The series of numbers are made unique with a secret key and reproducible with the same key.
Example in psql:
=# CREATE EXTENSION permuteseq; => CREATE SEQUENCE s MINVALUE -10000 MAXVALUE 15000; => \set secret_key 123456789012345 => SELECT permute_nextval('s'::regclass, :secret_key) FROM generate_series(-10000,-7000); permute_nextval ----------------- -545 -8279 4160 10528 581 [... skip 2991 unique values within the range [-10000,15000], in a random-looking order ... ] 8901 9558 11359 9728 365 => SELECT reverse_permute('s'::regclass, -545, :secret_key); reverse_permute ----------------- -10000 => SELECT range_encrypt_element(91919191919, 1e10::bigint, 1e11::bigint, :secret_key); range_encrypt_element ----------------------- 83028080992 => SELECT range_decrypt_element(83028080992, 1e10::bigint, 1e11::bigint, :secret_key); range_decrypt_element ----------------------- 91919191919
permute_nextval(seq_oid oid, crypt_key bigint) RETURNS bigint
Advance sequence and return the new value encrypted within the bounds of the sequence.
reverse_permute(seq_oid oid, value bigint, crypt_key bigint) RETURNS bigint
Compute and return the original clear value from its permuted element in the sequence.
range_encrypt_element(clear_val bigint, min_val bigint, max_val bigint, crypt_key bigint) RETURNS bigint
Encrypt a bigint element in the [min_val,max_val] range with a bigint encryption key.
range_decrypt_element(crypt_val bigint, min_val bigint, max_val bigint, crypt_key bigint) RETURNS bigint
Decrypt a value previously encrypted with
The Makefile uses the PGXS infrastructure to find include and library files, and determine the install location.
Build and install with:
$ make $ (sudo) make install
Some explanations in Q & A form
Q: How is that better than
ORDER BY random() applied to a
generate_series output, or a shuffle algorithm like Fisher-Yates?
A: The permuter in this extension does not need to materialize the output sequence, even temporarily.
It computes any element independantly when needed, in near-constant time, so it's as efficient with 2^64 elements as with a thousand or a million.
Q: How about generating
random()-based integers on the fly and look up for collisions? Isn't that
A: It's simpler but doesn't scale. It can do well only when a small number of elements are actually picked up from a wide sequence. Otherwise the Birthday Problem kicks in and the exponentially-growing collision probability makes this technique unworkable.
Q: What are the use cases for permuted sequences?
A: Obfuscating synthetic keys, making generators for short codes that should not be guessable or enumerable by outsiders: coupon numbers, serial numbers, short URLs.

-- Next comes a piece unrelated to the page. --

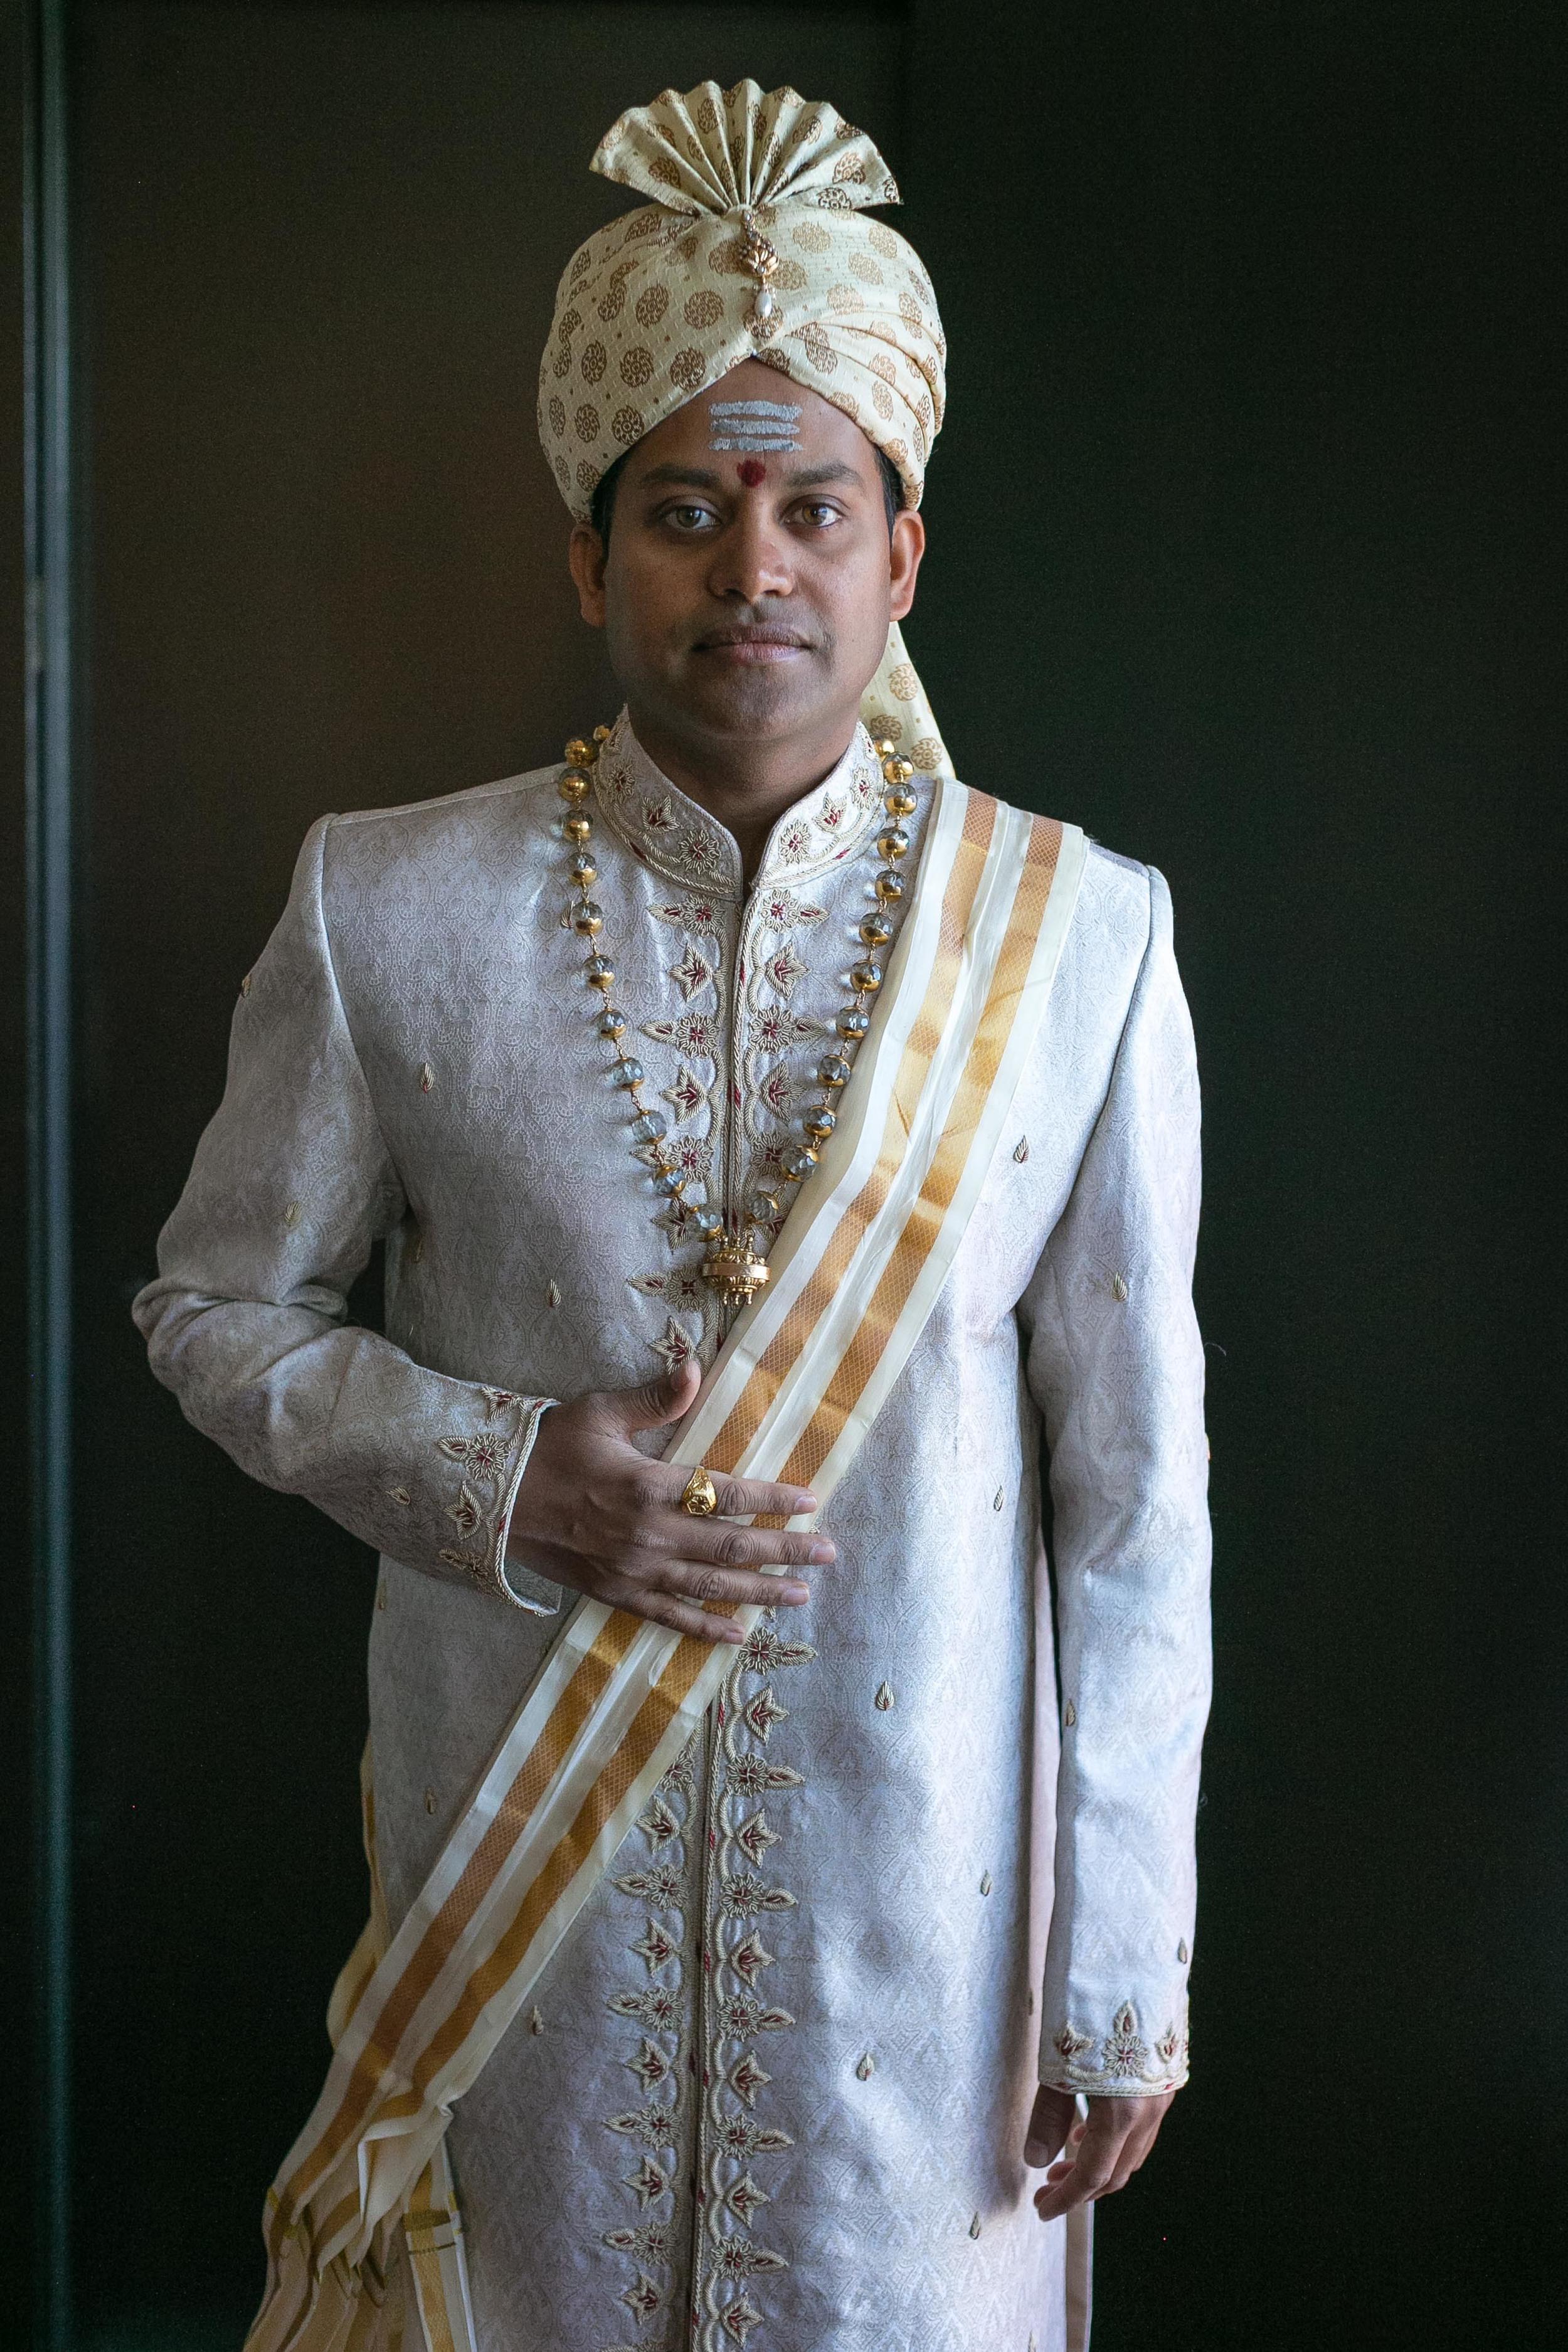 Luxurious-Indian-Wedding-Marriott-Boston-Massachusetts-Documentary-Wedding-Photography-by-Jacek-Dolata-5.jpg

Q: Why not just use standard 128-bit Globally unique identifiers with the
A: Sometimes shorter values are necessary. For instance when coupon numbers may be spelled over the phone,
AX8GH4T is reasonable but
21EC2020-3AEA-4069-A2DD-08002B30309D is not.
Q: How to generate several different output sequences from the same input range?
A: By using a different 64-bit secret key for each sequence you want to keep secret.
Q: How does the permuter work, exactly?
A: It's essentially a format-preserving encryption scheme. In an inner loop, there's a balanced 9-round Feistel Cipher, with a block size determined by the range of the sequence. The round function hashes the current block with bits from the key. A cycle-walking outer loop iterates over that encryption step until the result fits into the desired range, so the outputs are guaranteed to be in the same exact range as the inputs. The reverse permutation follows the same process iterating in the reverse order.
Q: Is the shuffle effect comparable to crypto-grade randomizing?
A: No. Altough it's based on well-known and proven techniques, the limits at play (64-bit key, reduced output space) are too small for that. Also, it's generally safe to assume that code not reviewed by professional cryptographers is not cryptographically strong. If you simply want a strong 64-bit to 64-bit Feistel cipher, you may consider XTEA, available for PostgreSQL through the cryptint extension.
Q: How is the unicity of the output guaranteed?
A: By the mathematical property that is at the heart of the Feistel Network, which produces a permutation in the mathematical sense (f(x)=f(y) <=> x=y).
Q: Are the output sequences deterministic or truly random?
A: The permutations are fully deterministic. The random-looking effect is due to encryption, not to a PRNG. The same range with the same encryption key will always produce the same output sequence.
Q: What happens when the same input is permuted within a different range and the same key?
A: It might produce a totally different result, due to the cipher block size being dynamic. The block size in bits is computed as the smallest even number of bits that can represent the input range. For example, the range [-1000,1000] contains 2001 values, just below 2^11=2048, but since 11 is uneven, the block is rounded up to 12 bits wide. The fact that the algorithm chooses a block comparable in size to the input range is essential to reduce the number of cycle-walking iterations.